Shabti of the Adoratrice of Hathor ("Duahathor") Henettawy, wife of Painedjem I

Third Intermediate Period

On view at The Met Fifth Avenue in Gallery 130

This small figurine is a shabti from the burial of a royal woman named Henettawy who lived during the early 21st Dynasty at Thebes. During this era, control of Egypt was divided between the kings in the north, who ruled from Tanis in the Nile Delta, and the High Priests of the great state god Amun, who controlled the southern part of the country. Henettawy was a wife of the High Priest of Amun and King Painedjem I, who ruled from Thebes. She was also the daughter of a king, likely either Ramesses XI or Smendes (Nesbanebdjed) I.

In the ancient Egyptian belief system, shabtis were avatars of the deceased who could be called upon to perform manual labor on his or her behalf in the afterlife. By Henettawy’s time, as many as 401 shabtis (a worker for each day of the year plus an overseer for each 10-day week) were included with the burials of wealthy people. Worker shabtis like this one can be identified by the agricultural tools they hold, whereas overseer shabtis typically wear a skirt and carry a whip.

In addition to being the wife and daughter of kings, Henettawy held a long list of royal titles, including King’s Mother, Mother of the God’s Wife of Amun, Mother of the High Priest of Amun, and the unique title Adoratrice of Hathor.

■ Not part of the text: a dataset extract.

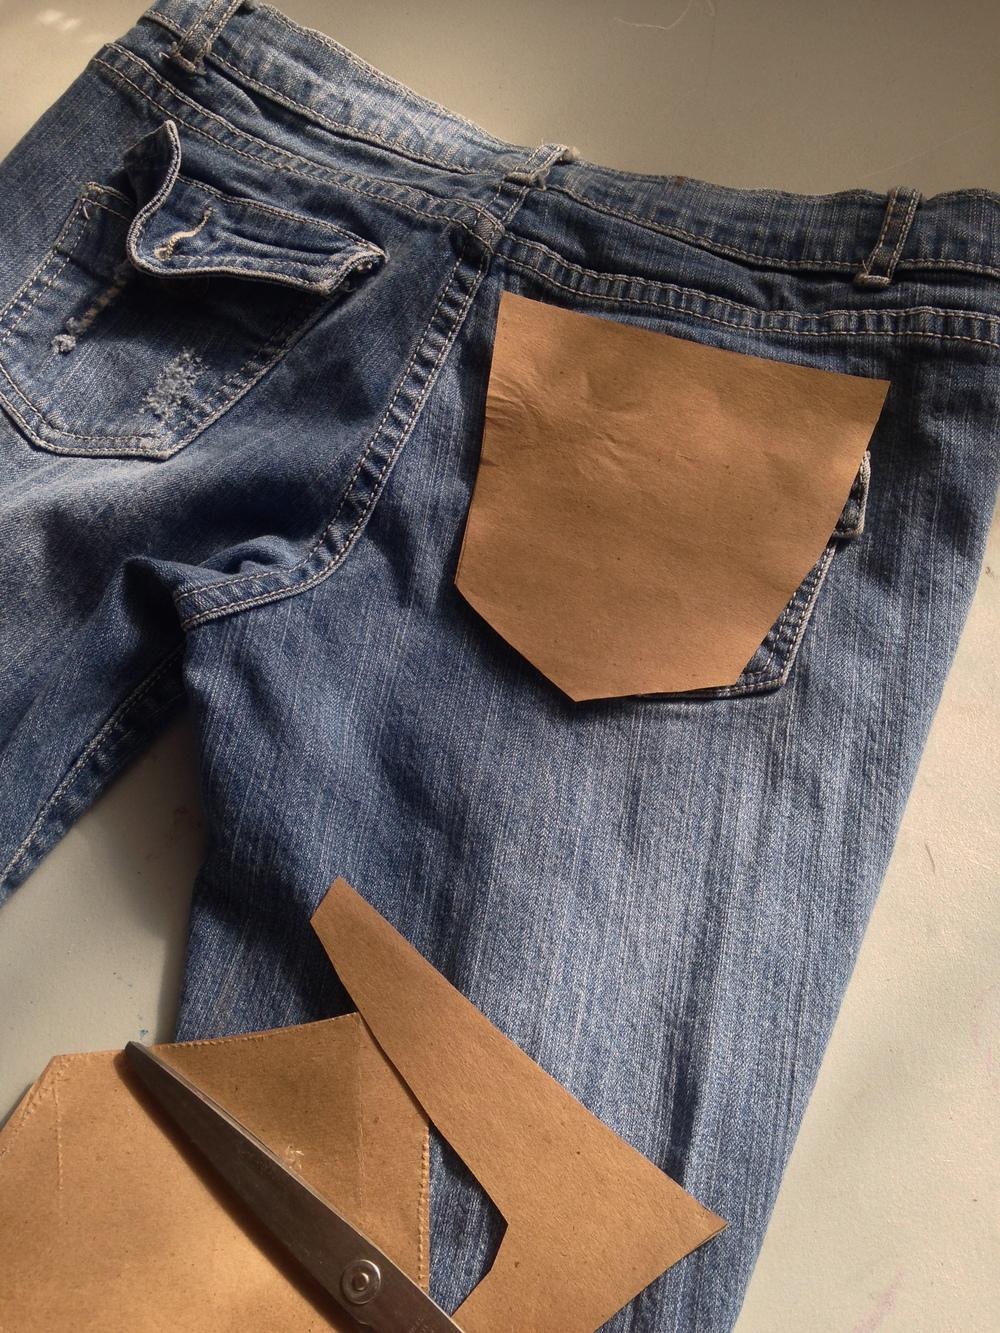 andrea-fenise-diy-sequin-pocket-jeans3

She was also a First Great Chief of the Principal Musical Troupe of Amun, the title given to the head of the great god’s female clergy. These designations indicate that Henettawy was the highest-ranking female in the Theban area during her lifetime.

Henettawy’s list of titles alludes to several of her children who held important positions at Thebes. Notable among them are a son named Psusennes I, who became king, ruling from Tanis in the north, and a daughter, Maatkare, who held the title God’s Wife of Amun. There were three High Priests of Amun who were likely sons of Painedjem I, Menkheperre, Djedkhonsuefankh, and Masaharta; any or all of these may also have been Henettawy’s sons.

This shabti was presumably discovered in the “First Royal Cache” (TT320) in Western Thebes in a valley near the temples of Mentuhotep II and Hatshepsut at Deir el-Bahri. This hidden tomb contained the re-burials of a number of kings and queens of the New Kingdom (about 1550 to 1100 B.C.), along with the burials of Henettawy, Painedjem I, and members of their immediate family, spanning several generations.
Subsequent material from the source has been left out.